Jaimie Yeh1, Albert Yang1,2,3,4

Institutions:

1Institute of Brain Science, National Yang Ming Chiao Tung University, Taipei City, Taiwan, 2Digital Medicine and Smart Healthcare Research Center, National Yang Ming Chiao Tung University, Taipei City, Taiwan, 3Department of Medical Research, Taipei Veterans General Hospital, Taipei City, Taiwan, 4Brain Research Center, National Yang Ming Chiao Tung University, Taipei City, Taiwan

First Author:

Jaimie Yeh  
Institute of Brain Science, National Yang Ming Chiao Tung University
Taipei City, Taiwan

Co-Author:

Albert Yang  
Institute of Brain Science, National Yang Ming Chiao Tung University|Digital Medicine and Smart Healthcare Research Center, National Yang Ming Chiao Tung University|Department of Medical Research, Taipei Veterans General Hospital|Brain Research Center, National Yang Ming Chiao Tung University
Taipei City, Taiwan|Taipei City, Taiwan|Taipei City, Taiwan|Taipei City, Taiwan

Introduction:

Bipolar disorder (BD) and major depressive disorder (MDD) are prevalent psychiatric disorders that present similar clinical symptoms during depressive episodes.

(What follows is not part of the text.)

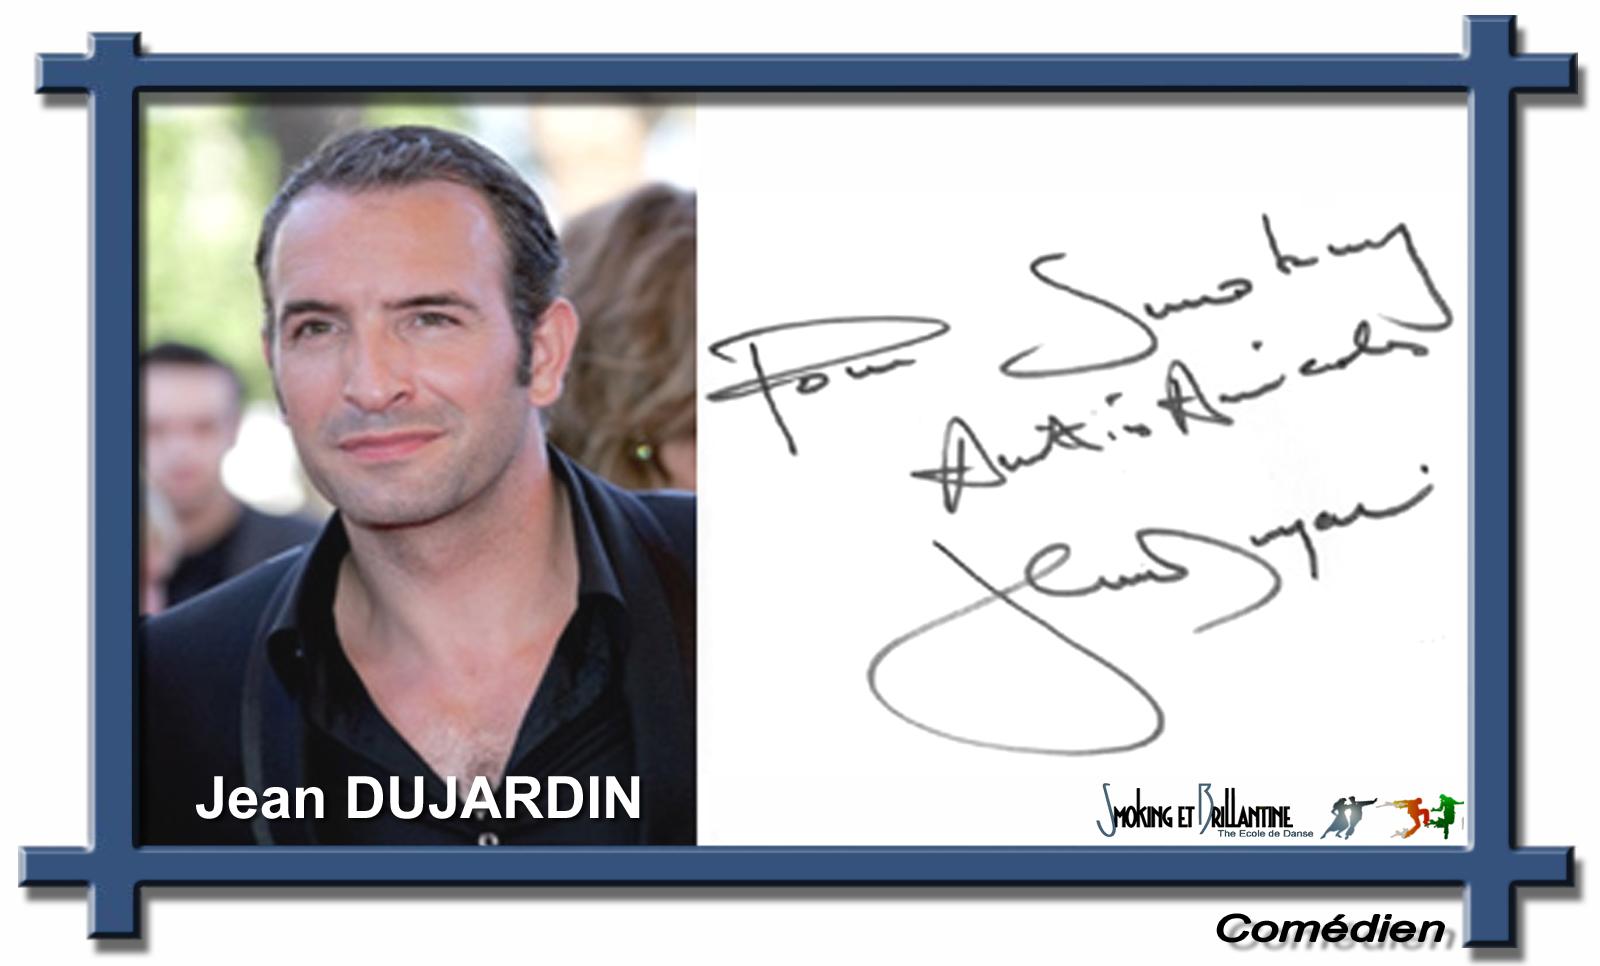 Jean dujardin smoking et brillantine for Contacter jean dujardin

Distinguishing between depressed BD and MDD based on clinical symptoms is a considerable challenge, which makes the clinical treatment more difficult. Consequently, biomarkers that are capable of accurately discerning between these two disorders assume paramount importance in clinical diagnostics. Resting-state functional magnetic resonance imaging (rs-fMRI) provides diagnostic markers for studying affective disorders. Although several rs-fMRI studies have reported abnormal functional connectivity between individuals with BD and those with MDD, most have focused on identifying relevant brain alterations at the group level. Machine learning techniques offer significant practical value in predicting diagnoses and clinical outcomes at the individual level. Furthermore, deep learning applications, such as the three-dimensional convolutional neural network (3D CNN) classification model, provide a more comprehensive approach by incorporating spatio-temporal features. In this study, we aimed to utilize 3D CNN methodologies to identify neuroimaging feature differences between individuals with BD and individuals with MDD, which can help in clinical diagnosis and treatment strategies.

Methods:

Rs-fMRI data were obtained from the Taiwan Aging and Mental Illness cohort, encompassing 99 individuals with BD (age: 50.66 ± 10.35; 34% in males), 90 individuals with MDD (age: 54.11 ± 13.57; 33% in males), and 193 healthy controls (HCs; age: 50.07 ± 11.37; 35% in males). The whole brain voxelwise functional connectivity map was computed for each participant. We applied z-transformation to improve the normality of the data. Subsequently, 90 functional connectivity maps for each participant were delineated based on the Automated Anatomical Labeling (AAL) atlas. The 3D characteristics of each functional connectivity map were retained for subsequent model training. Hierarchical 3D CNN classification models were applied to each functional connectivity map. Initially, we classified between the HCs and individuals with affective disorders (i.e., BD and MDD). Next, we performed 3D CNN classification models to differentiate between individuals with BD and those with MDD. Based on the outcomes of these two steps, we were able to identify critical brain features for the differential diagnosis of affective disorders.

Results:

In the classification of HCs and individuals with affective disorders, our results revealed that 3D CNN models, constructed using brain regions such as the right superior temporal gyrus, rolandic operculum, insula, hippocampus, parahippocampal gyrus, thalamus, lingual gyrus, fusiform gyrus, precentral gyrus, middle frontal gyrus, and the left caudate nucleus, achieved accuracy values ranging from 80% to 88%. Additionally, the f1-score values for these models were found to be within the range of 80% to 89%. Afterward, 3D CNN models constructed using the left supplementary motor area, medial orbital part of superior frontal gyrus, and orbital part of superior frontal gyrus for classifying individuals with BD and individuals with MDD demonstrated accuracy values of 72%, 71%, and 70%, respectively. Correspondingly, the f1-score values for these classifications were observed to be 70%, 71%, and 67%.

Conclusions:

Our findings offer a promising approach for integrating rs-fMRI data with 3D CNN techniques for the individual-level classification of affective disorders. Moreover, the observed abnormalities in these brain regions may serve as potential imaging markers for distinguishing patients with MDD and BD from HCs. These biomarkers could also contribute to differentiating individuals with BD from those with MDD. Overall, this study provides a comprehensive understanding of the neurobiology of affective disorders and lays a foundation for developing more precise and personalized diagnostic tools.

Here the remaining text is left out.